La proposition engagée du tandem Alix Dufresne et Marc Béland

Publié le 1 juin 2019 par Maude Rodrigue

Crédit photo : Xavier Laliberté

Alors que l’ordre actuel des choses fait planer de sérieuses menaces sur la survie de notre espèce, Alix Dufresne et Marc Béland utilisent l’art afin de parvenir à mieux cerner l’une des principales tares contemporaines: les paradis fiscaux. Hidden Paradise a été créé à partir d’une entrevue accordée par Alain Deneault sur les ondes de Radio-Canada en février 2015. Pour Marc Béland, acteur cumulant près de 40 ans de métier, la danse, le théâtre sont une manière d’«apporter [sa] petite pierre au mur de résistance».

Hidden Paradise se penche sur les conséquences de l’évasion fiscale sur notre quotidien. Pouvez-vous nommer quelques-unes de ces conséquences?

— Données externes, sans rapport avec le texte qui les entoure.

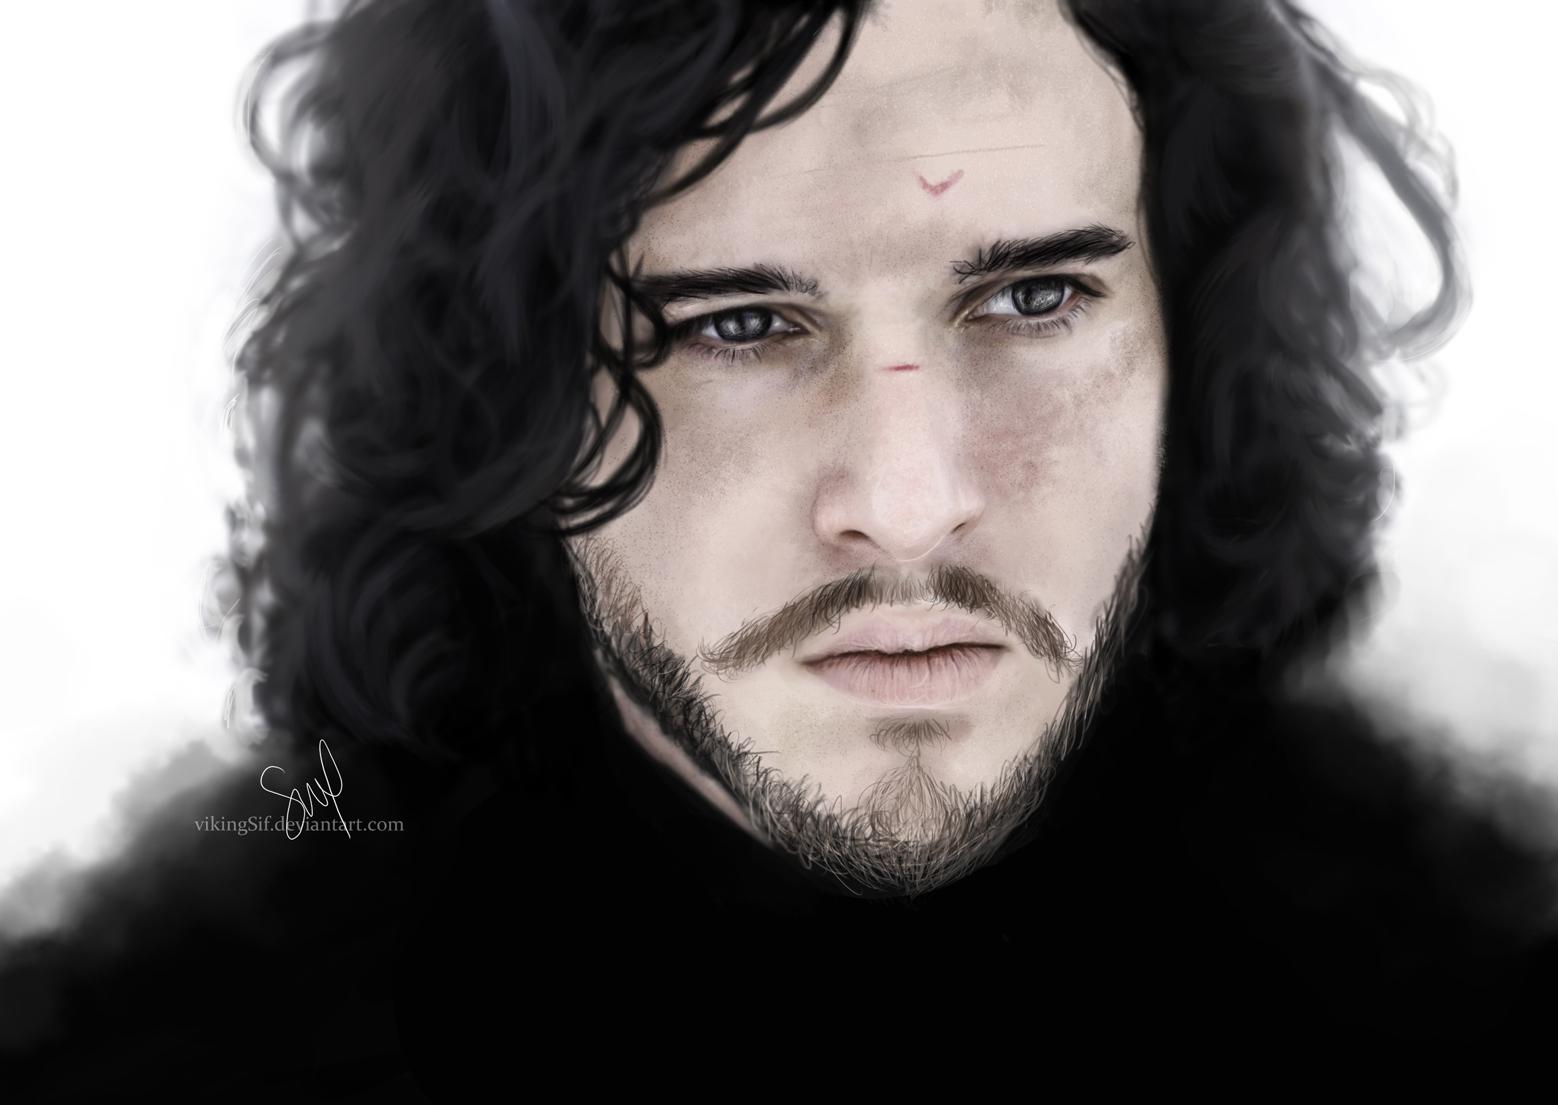 Jon Snow by VikingSif

«Alain Deneault les énonce très clairement dans une entrevue accordée à Marie-France Bazzo en 2015 sur les ondes Radio-Canada à l’émission C’est pas trop tôt. À partir de cette entrevue – qui compose vraiment le texte de la pièce, c’est-à-dire qu’il n’y a pas d’autre texte, pas d’autres mots que ceux d’Alain Deneault et de Marie-France Bazzo dans Hidden Paradise –, nous avons cherché à provoquer ou à inspirer différemment le spectateur en mettant de l’avant le discours, mais en le travaillant et en le répétant de différentes façons pendant la pièce pour créer d’autres réactions.»

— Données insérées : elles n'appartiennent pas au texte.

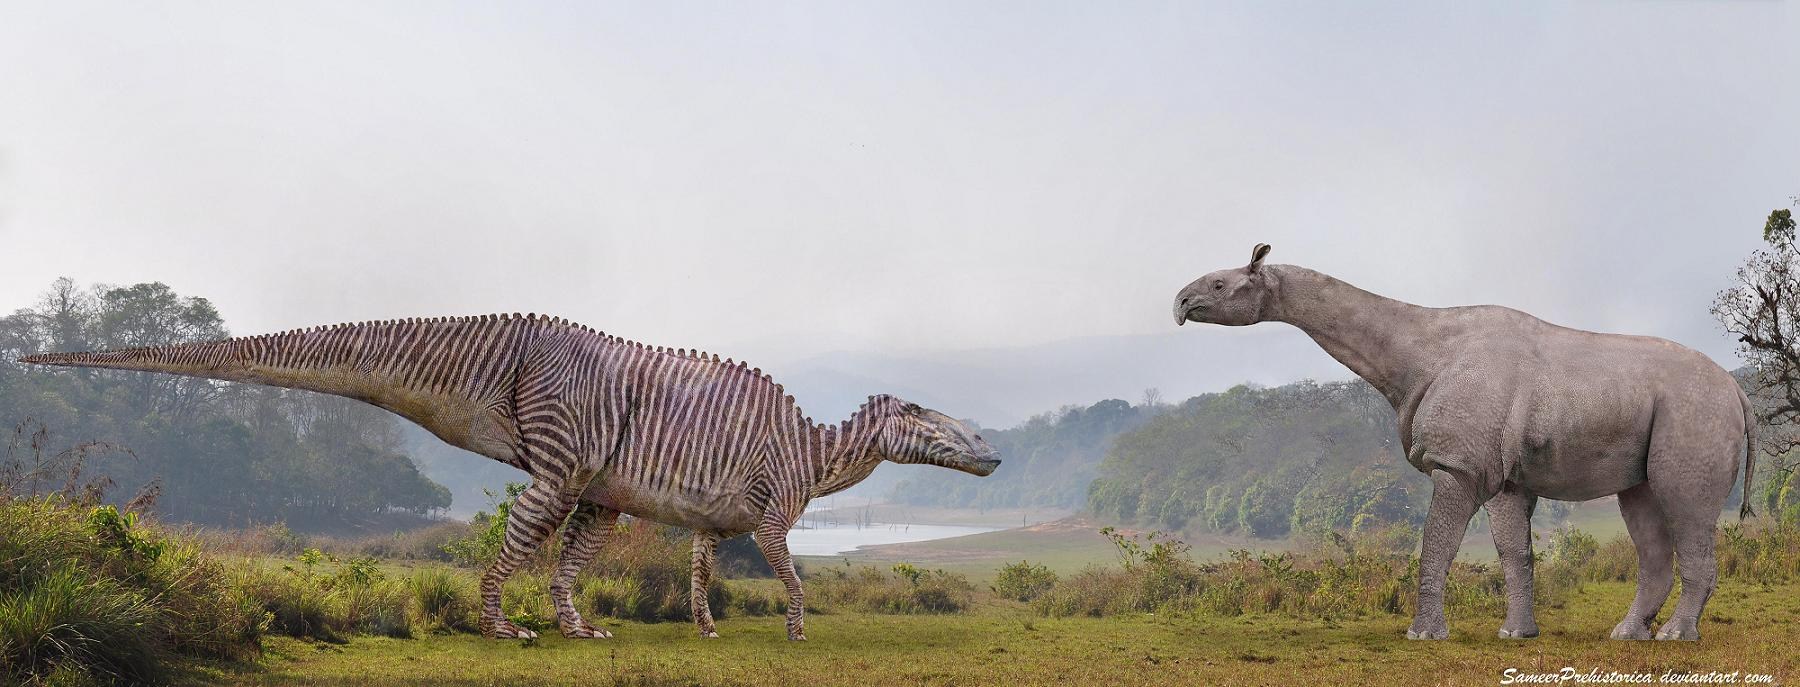 Shantungosaurus vs Paraceratherium by SameerPrehistorica

«Pour ce qui est des conséquences, elles touchent directement notre système d’éducation, notre système de santé. Beaucoup d’argent s’échappe par le biais de mesures qui, malheureusement, sont légalisées par nos gouvernements.»

«L’idée, c’est que de plus en plus les dirigeants des grandes entreprises arrivent au pouvoir. C’est un phénomène qui se produit partout dans le monde. Comme ces gens-là arrivent déjà avec beaucoup d’argent et une fiscalité illégale, ils n’ont pas avantage à légiférer sur ce qui est en train de se passer.»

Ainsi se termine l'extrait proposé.